Оно схожее в обоих случаях, только порядок меняется, а вот феноменологическая острота остаётся.

Я всегда наблюдаю за людьми на пристани и на кораблике, везущем туристов в Венецию. Мне важен первый глоток.
Я научился растягивать его, как и любое настоящее, на длительное время, может быть, на час - пока его не сменит, не смоет, не накроет вал другого агрегатного состояния - после прибытия, встав на сушу, важно как можно скорее найти место постоя, чтобы бросить чемоданы и отправиться на свидание.

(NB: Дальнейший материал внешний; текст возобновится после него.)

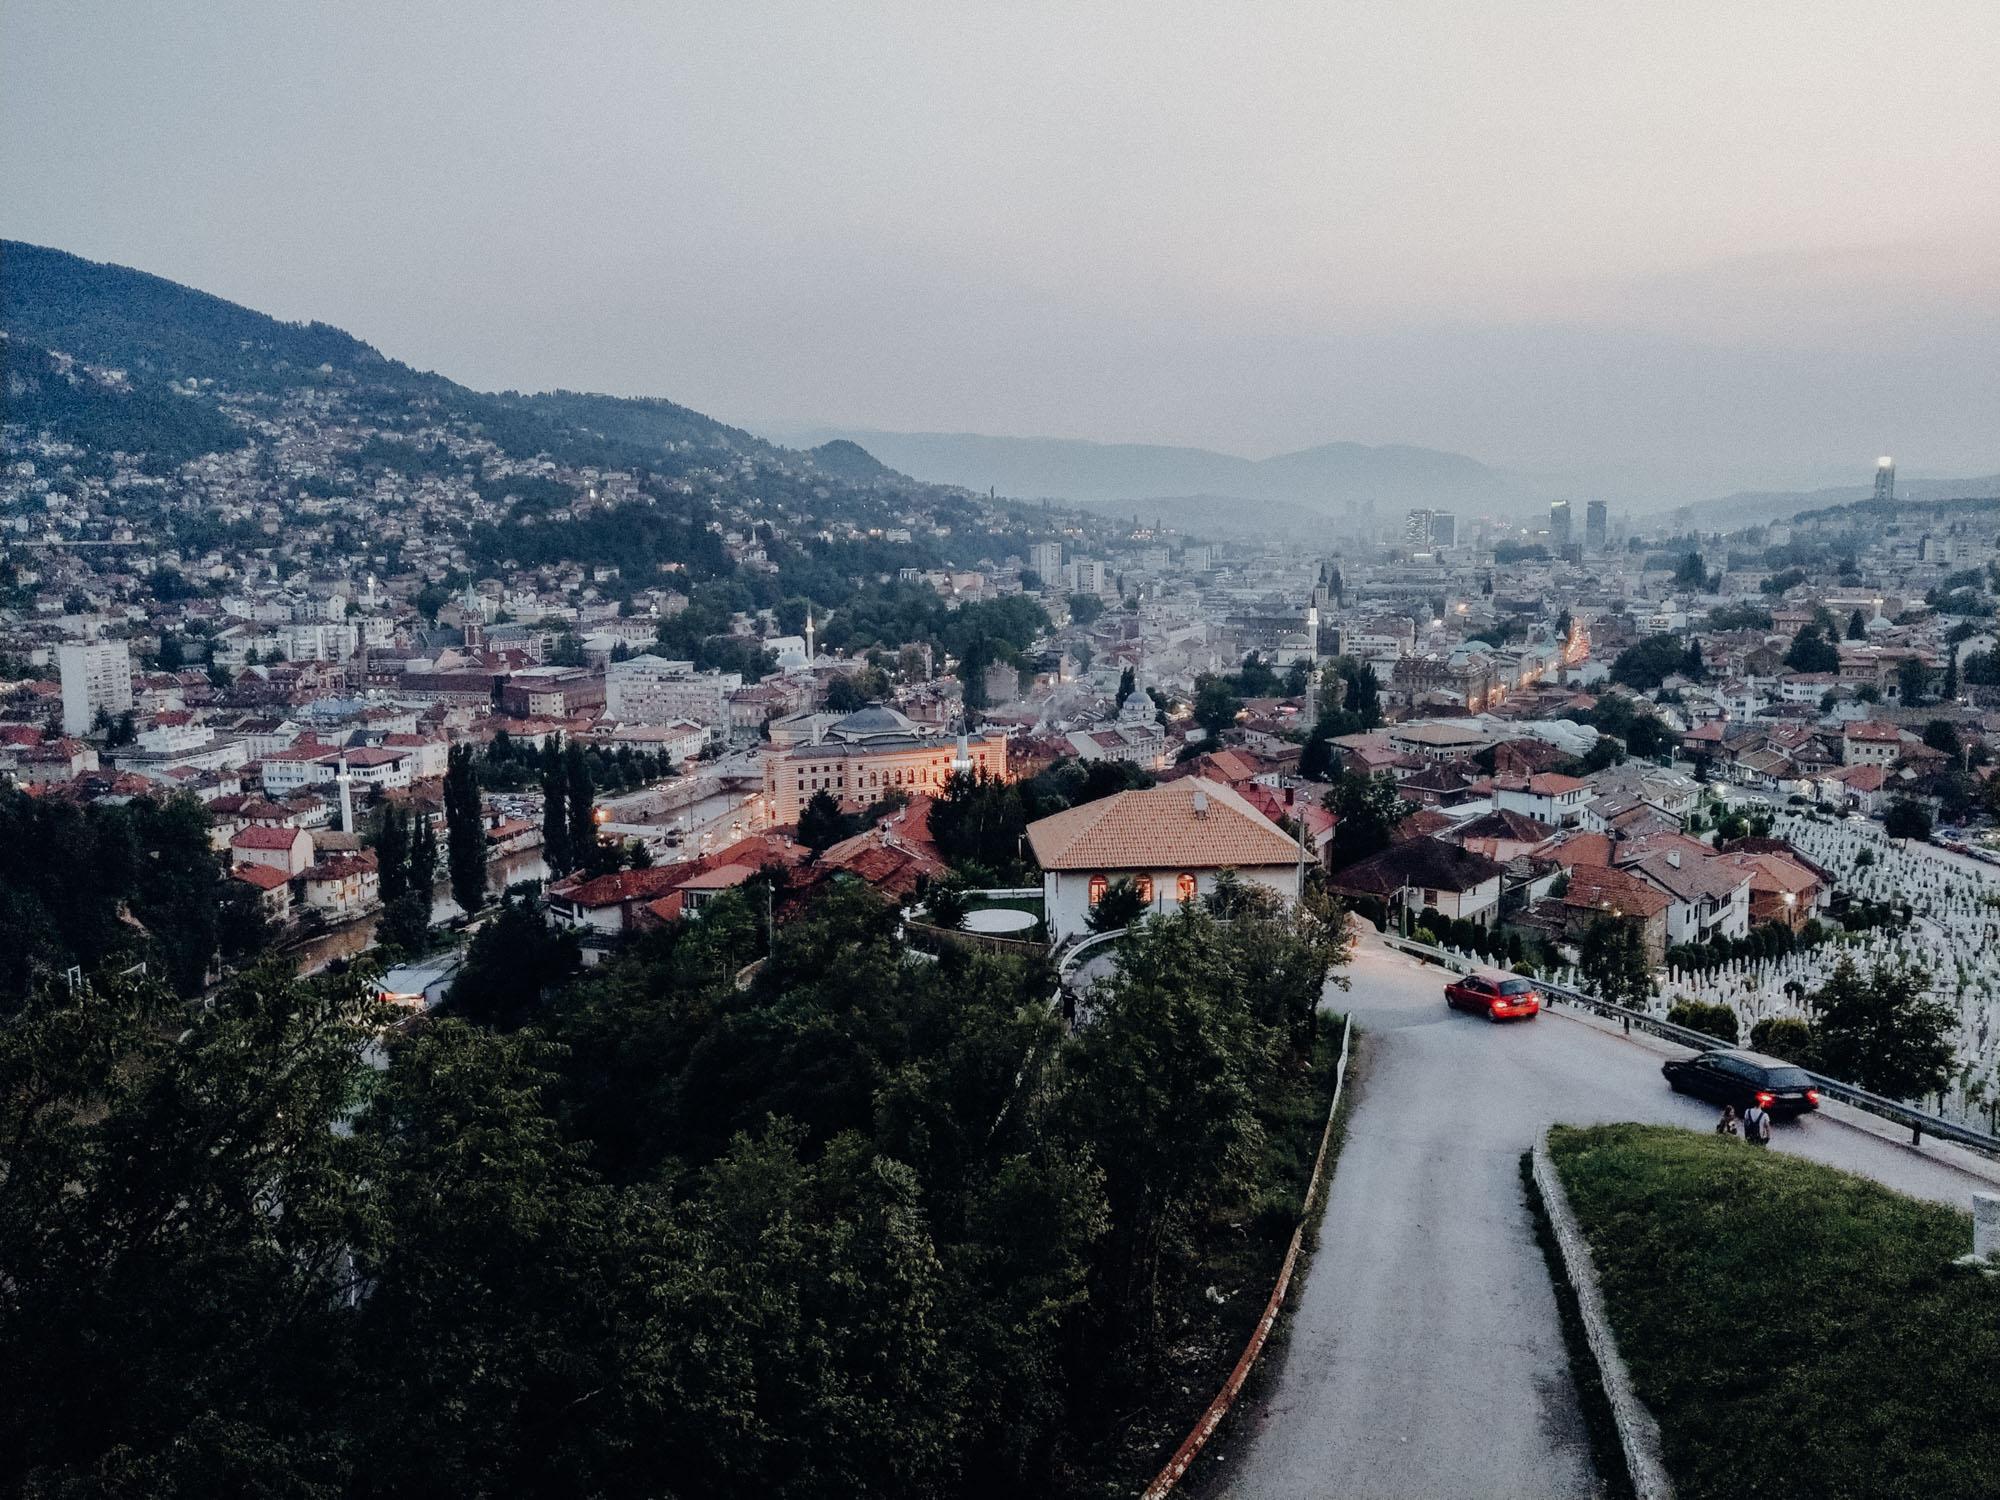 Blick von der gelben Bastion: Sarajevo bei Nacht in Bosnien und Herzegovina. Roadtrip Balkan

Это умение - растягивать настоящее - пришло стихийно из-за симфонических концертов. После них важно было как можно дольше не расплескать впечатление.
Именно поэтому я не аплодирую музыкантам (искажается акустическое послевкусие), избегаю бисов и разговоров в фойе.
Правильные люди идут после концертов выпивать или догоняться в ресторанах, мне же нужно, как можно скорее, нырнуть в метро и остаться в одиночестве.

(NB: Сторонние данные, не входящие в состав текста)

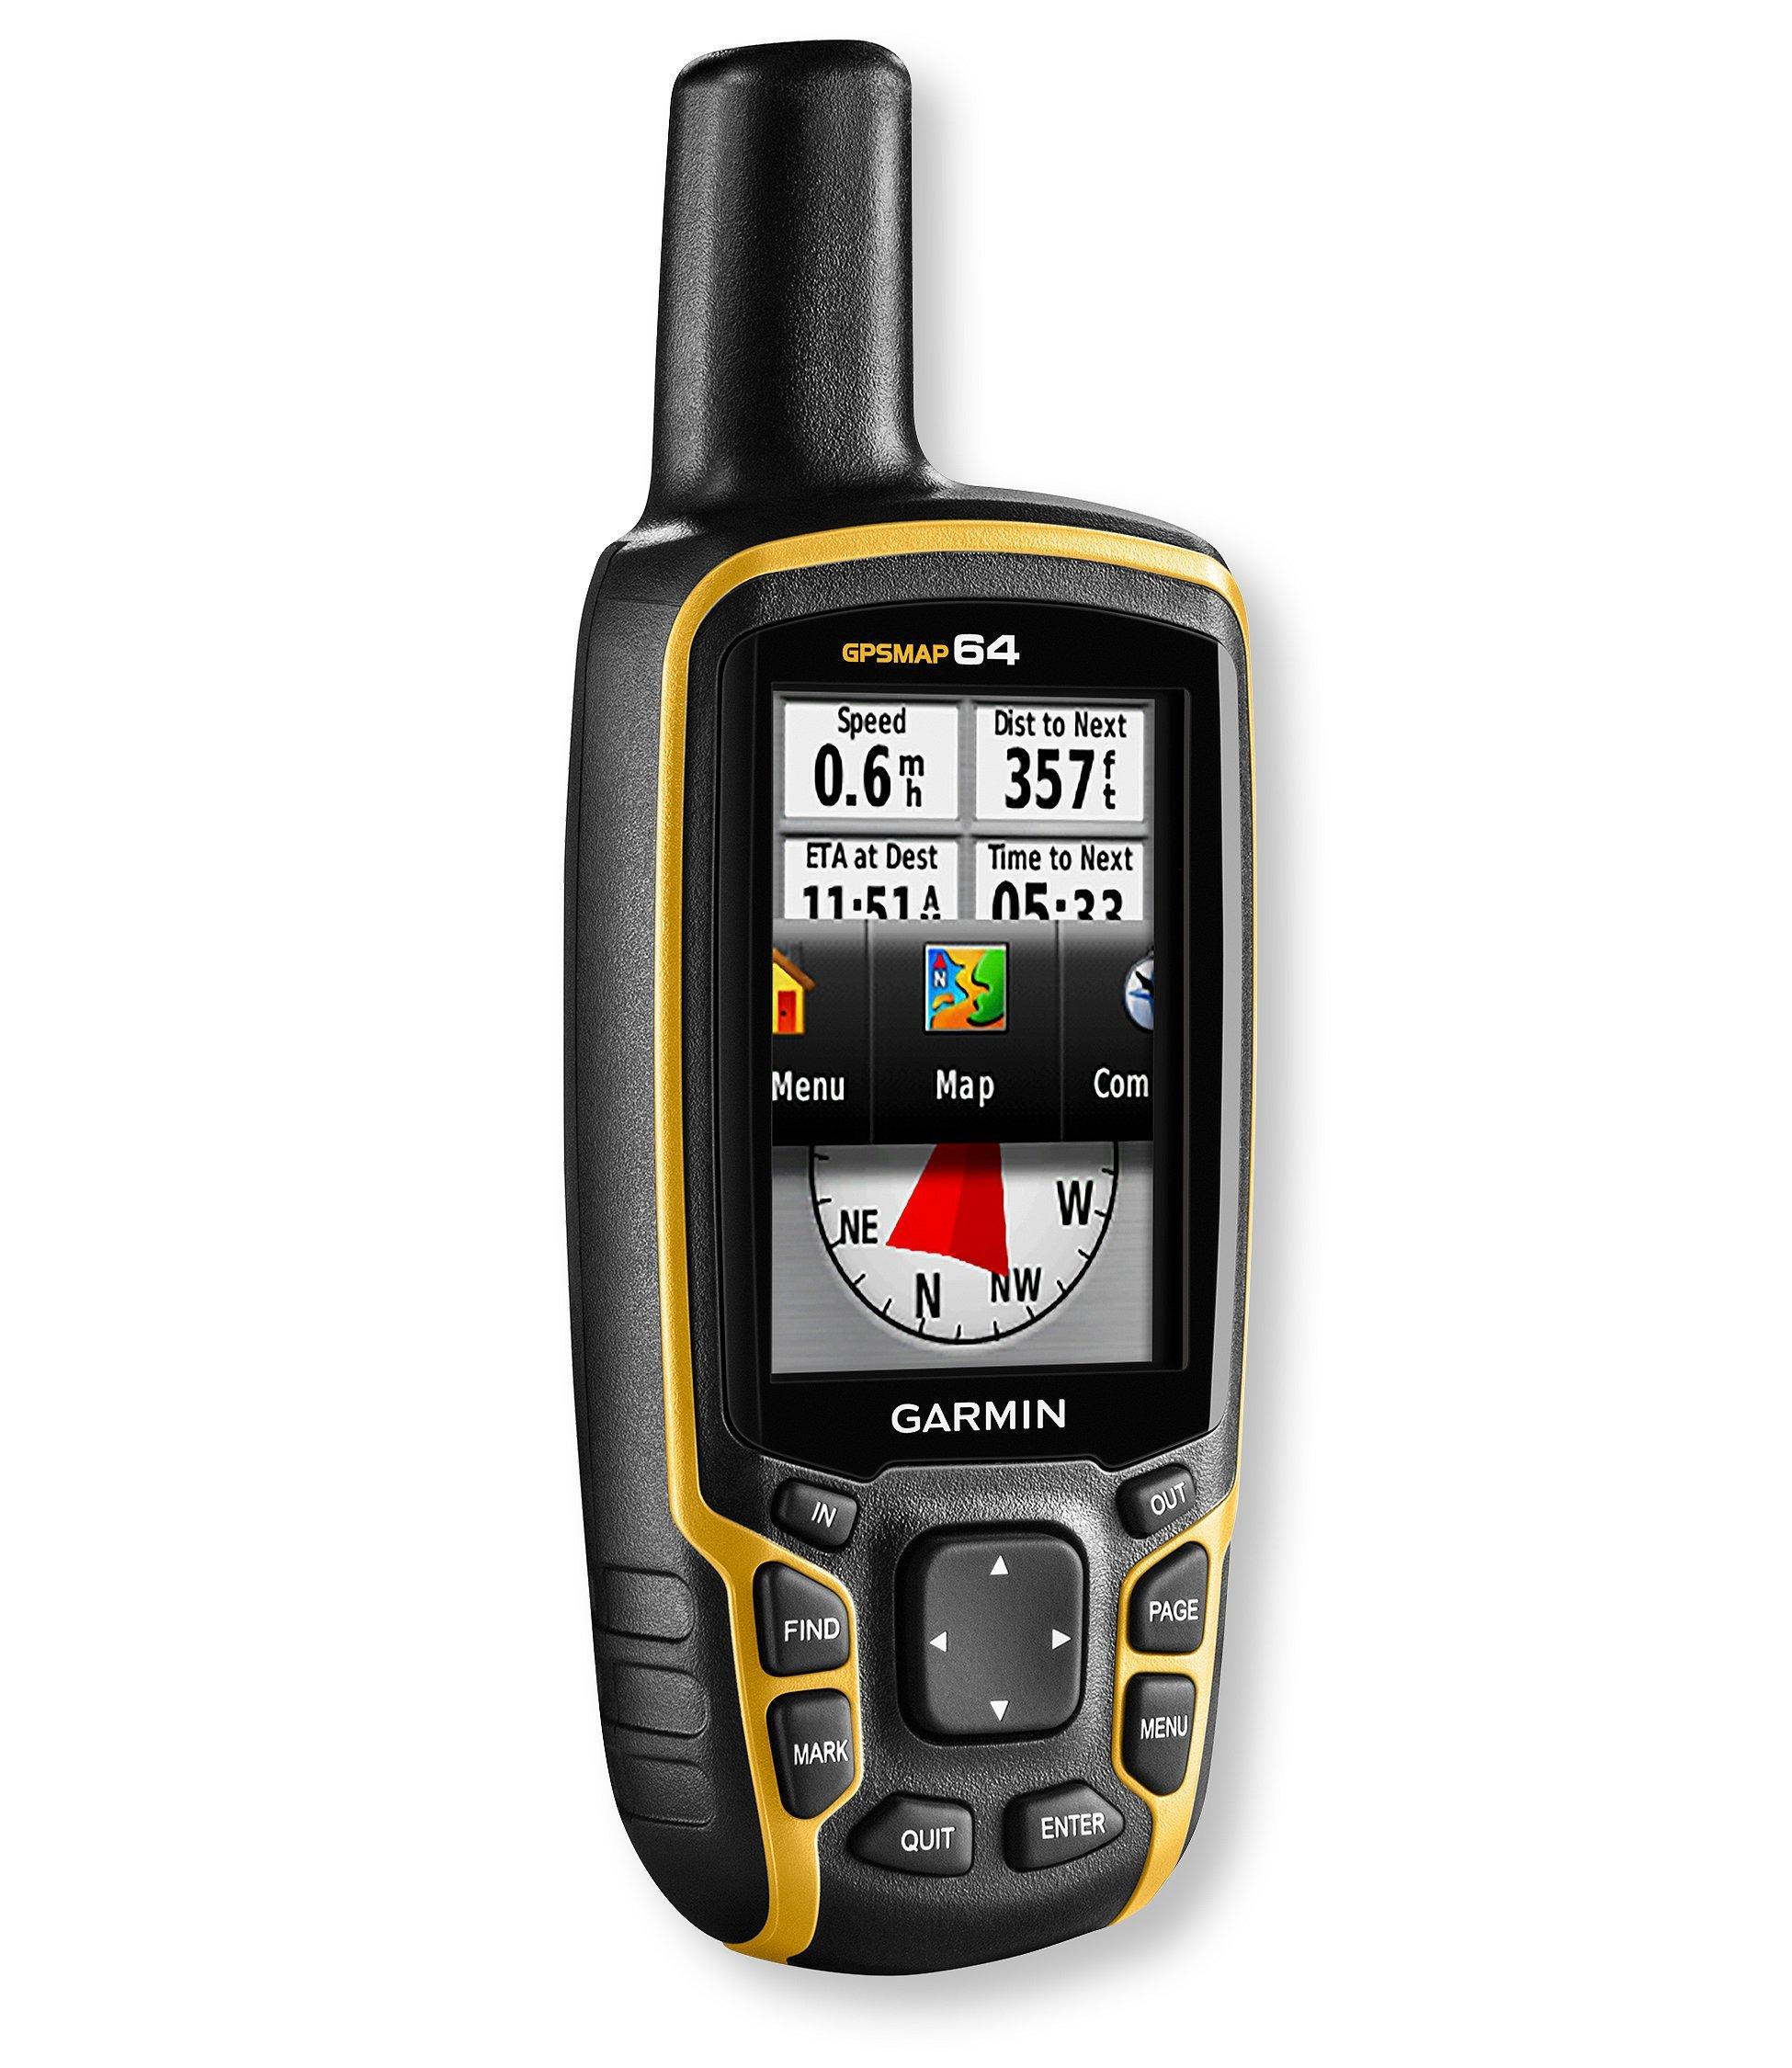 Garmin GPSMAP 64 Handheld Navigator 3

Это, кстати, совершенно не значит, что исполнение вышло потрясающим или что, как фетишист, я обязательно уволоку послевкусие от концерта в коллекцию к другим, более ранним событиям, нет же, мне просто кажется, что это нормальная работа по адаптации концерта, который всё равно очень скоро забудется, сотрётся из памяти, как в частностях, так и в целом.

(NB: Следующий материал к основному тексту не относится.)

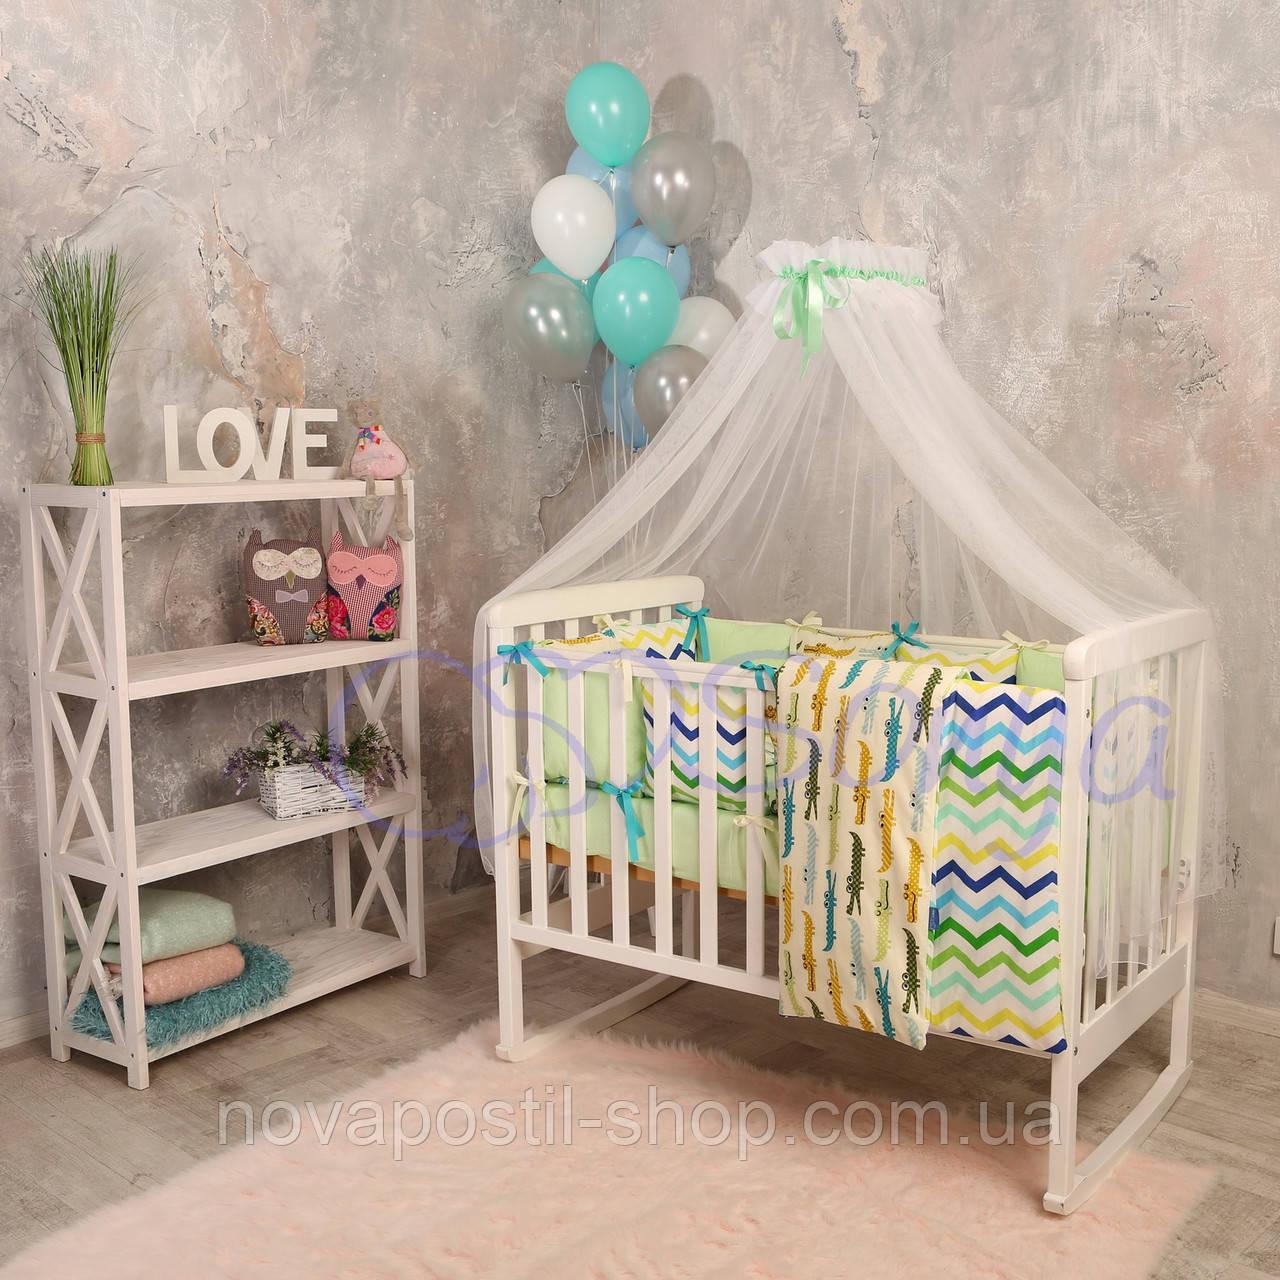 Набор в детскую кроватку Baby Design с крокодилами (7 предметов)

Лучшие концерты, между прочим, стираются из библиотеки быстрее плохих, так как помнишь собственные судорожные попытки вписаться в его ход, а не то, как оно звучало на самом деле.
Так, по крайней мере, устроена именно моя слушательская память.

Я пытаюсь довести эхо концерта до дома, где возникают дополнительные возможности для его консервации, пока запись окончательно не стирает всё из внутренних резонаторов.

Раньше я не догадывался, что, таким образом, тренирую возможность растягивания текущего временного момента, который базируется на определенной логике события и заканчивается, как только возникает другое событие (мысль, забота, действие).






Потом был роман Питера Надаша «Книга воспоминаний», написанный с лёгкой оглядкой на Пруста, в котором умение раздвигать мгновение оказывалось важнейшим свойством замедления времени.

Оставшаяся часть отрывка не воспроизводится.